Word vectors
- XPM Configxpmir.text.wordvec_vocab.WordvecVocab(*, data, learn, random)[source]
Bases:
TokensEncoder
,TorchModule
Submit type:
xpmir.text.wordvec_vocab.WordvecVocab
Word-based pre-trained embeddings
- Parameters:
train – Should the word embeddings be re-retrained?
- learn: bool = False
- random: xpmir.learning.base.Random
- XPM Configxpmir.text.wordvec_vocab.WordvecHashVocab(*, data, learn, random, hashspace, init_stddev, log_miss)[source]
Bases:
WordvecVocab
Submit type:
xpmir.text.wordvec_vocab.WordvecHashVocab
Word-based embeddings with hash-based OOV
A vocabulary in which all unknown terms are assigned a position in a flexible cache based on their hash value.

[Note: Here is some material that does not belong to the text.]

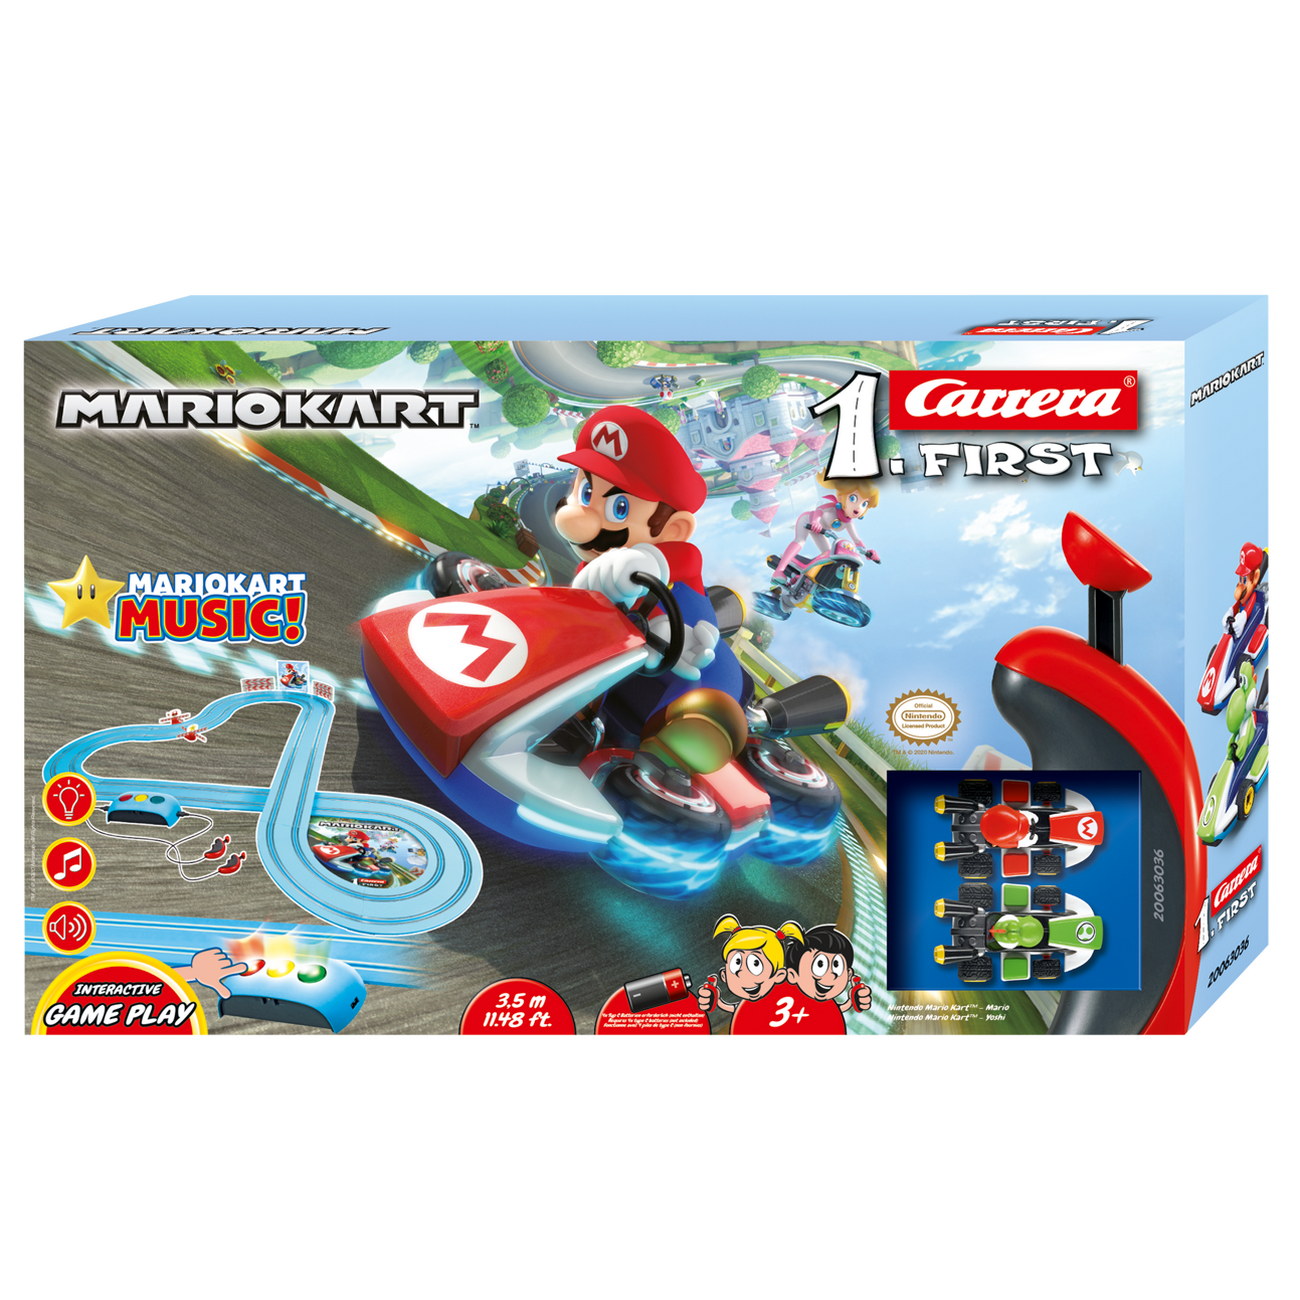 Carrera FIRST - Nintendo Mario Kart - Royal Raceway (20063036)
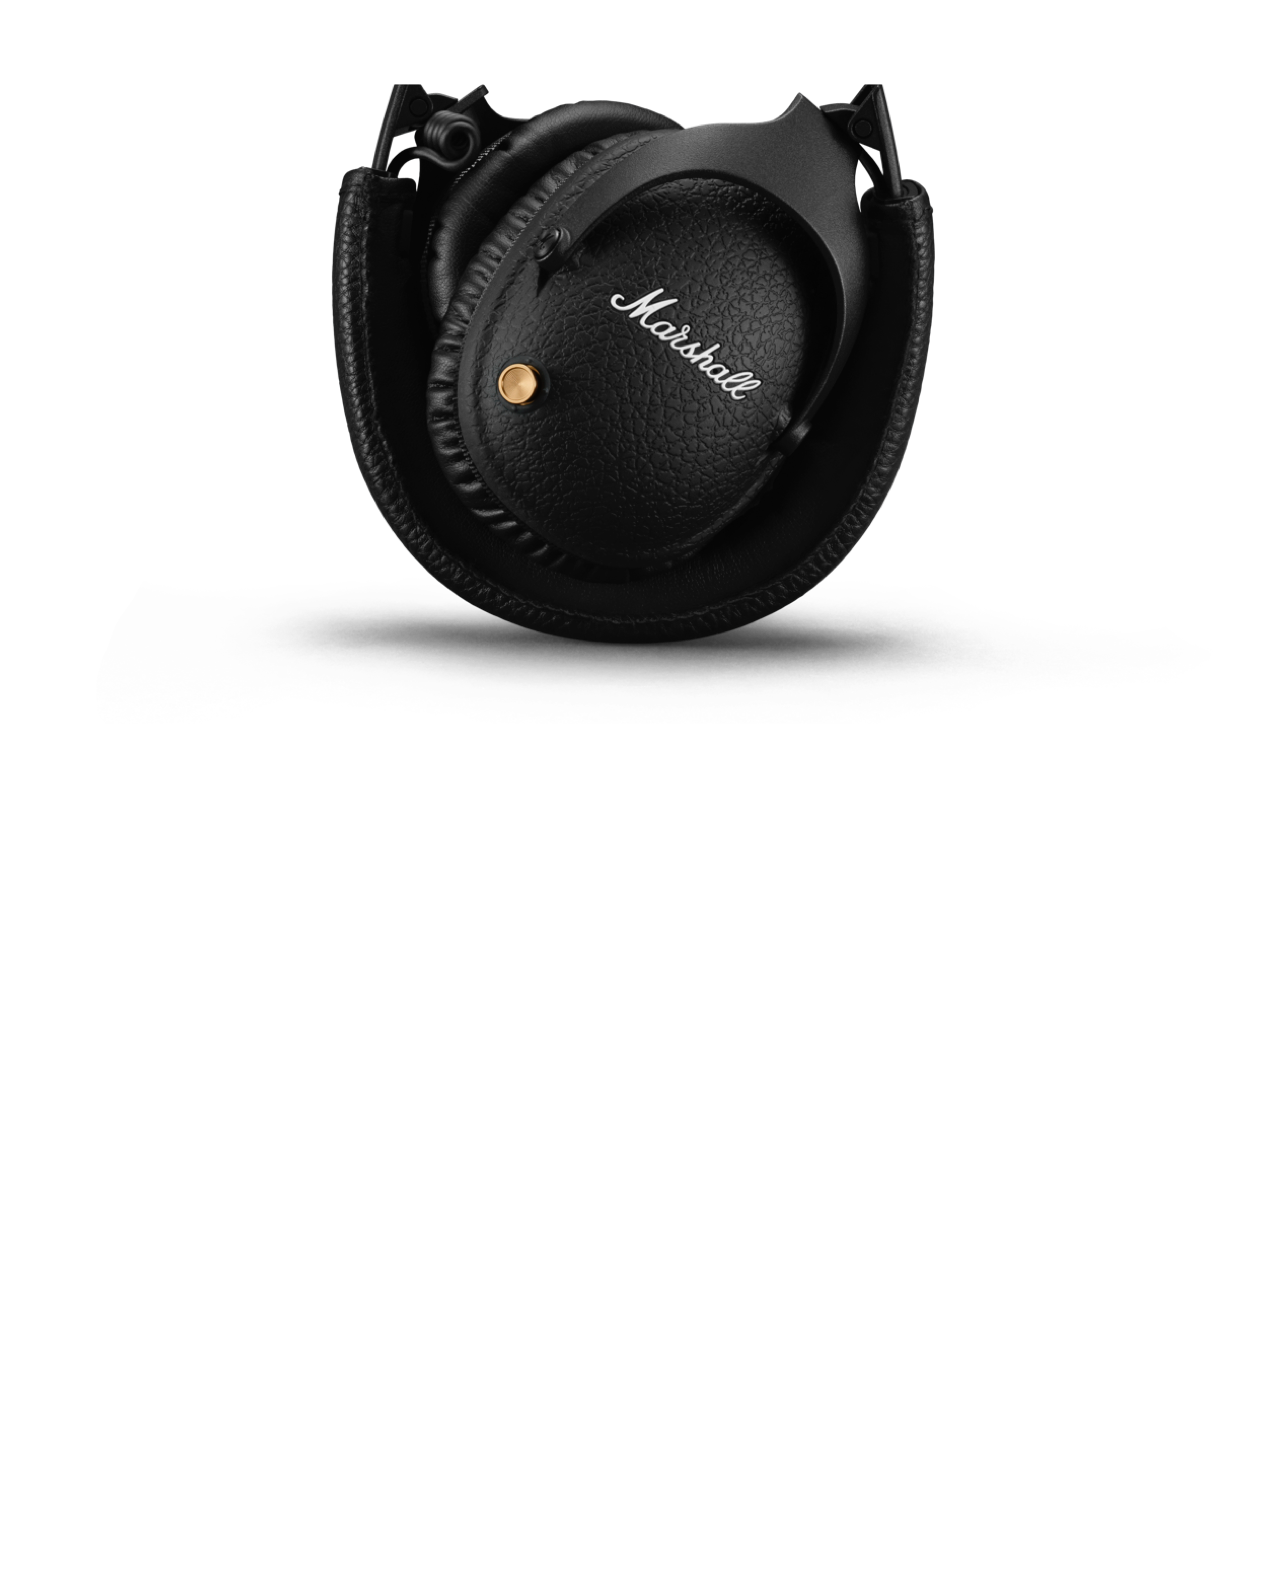 Marshall Monitor II ANC Wireless Headphones

Each position is assigned its own random weight.
- learn: bool = False
- random: xpmir.learning.base.Random
- hashspace: int = 1000
- init_stddev: float = 0.5
- log_miss: bool = False
- XPM Configxpmir.text.wordvec_vocab.WordvecUnkVocab(*, data, learn, random)[source]
Bases:
WordvecVocab
Submit type:
xpmir.text.wordvec_vocab.WordvecUnkVocab
Word-based embeddings with OOV
A vocabulary in which all unknown terns are given the same token (UNK; 0) with random weights
- learn: bool = False
- random: xpmir.learning.base.Random